When humans are in the loop to help catch and correct errors, higher AI error rates can be tolerated.
Key takeaways
It’s tempting to measure AI success by whether it can match human performance. However, this perspective can oversimplify the complexities of AI in real-world scenarios.
Matching human performance isn’t always enough. Often, AI needs to outperform humans to make up for its lack of context, the high stakes of getting it wrong, and the fact that it can’t always tell when it’s made a mistake.
HHS leaders can make informed decisions about using AI by:
- Critically evaluating—and clearly defining— how success will measured on the tasks you need AI to perform
- Understanding the different types of mistakes AI can make, the risks of those failures, and their associated costs
- Designing safeguards to mitigate AI’s limitations and ensure reliable outcomes
Remember, the goal is not to replace humans but to enhance outcomes, ensuring that AI complements human strengths rather than merely imitating them.
AI holds real promise for public service—but only when it’s applied with care, context, and humility.
For HHS leaders, the challenge is not merely to decide whether to use AI, but how to use it in ways that protect people, improve outcomes, and reflect the values of public service.
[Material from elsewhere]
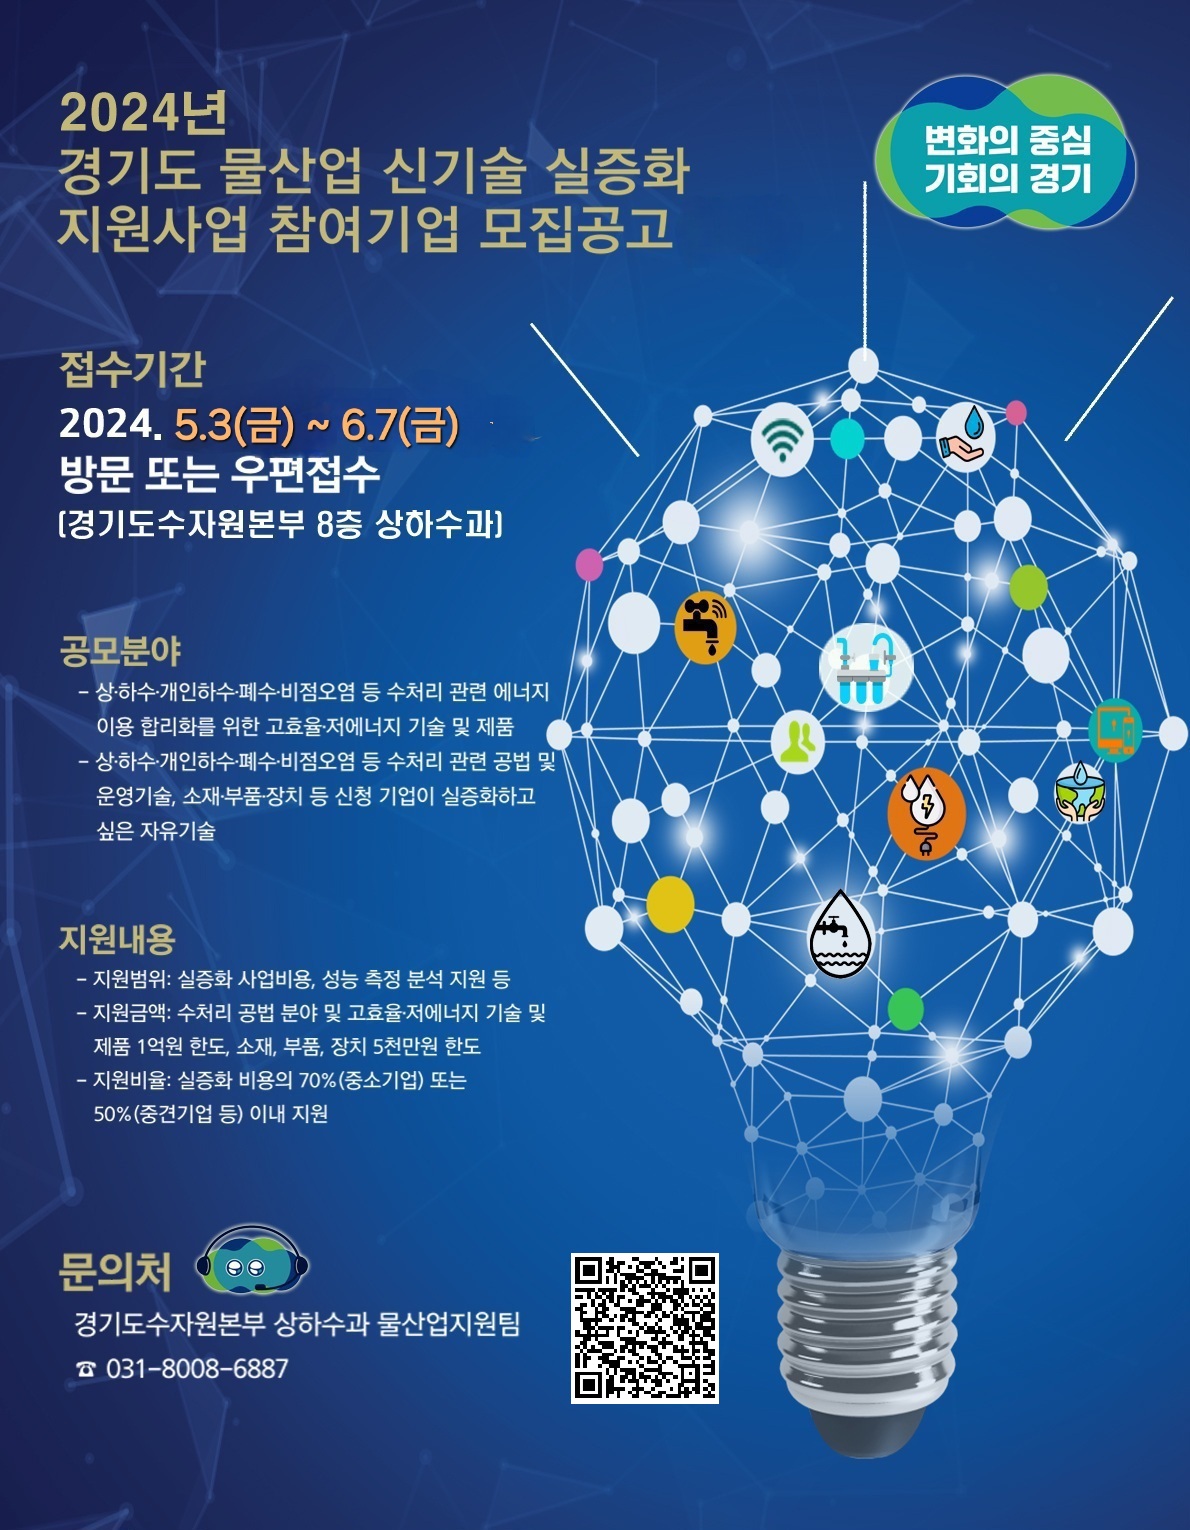 경기도 물산업 신기술 실증화 지원사업 참여기업 모집(2차) 연장공고

That means looking beyond flashy benchmarks and asking the harder questions: What does this tool really do? Who does it serve? And what happens when it gets it wrong?
Getting it right will take cross-sector collaboration, thoughtful policy, and a commitment to centering both effectiveness and humanity. But if we do it well, we won’t just be keeping up with change—we’ll be shaping it.
Because in public service, success isn’t just about speed or scale. It’s about trust. And trust isn’t built on performance alone—it’s built on judgment, transparency, and care.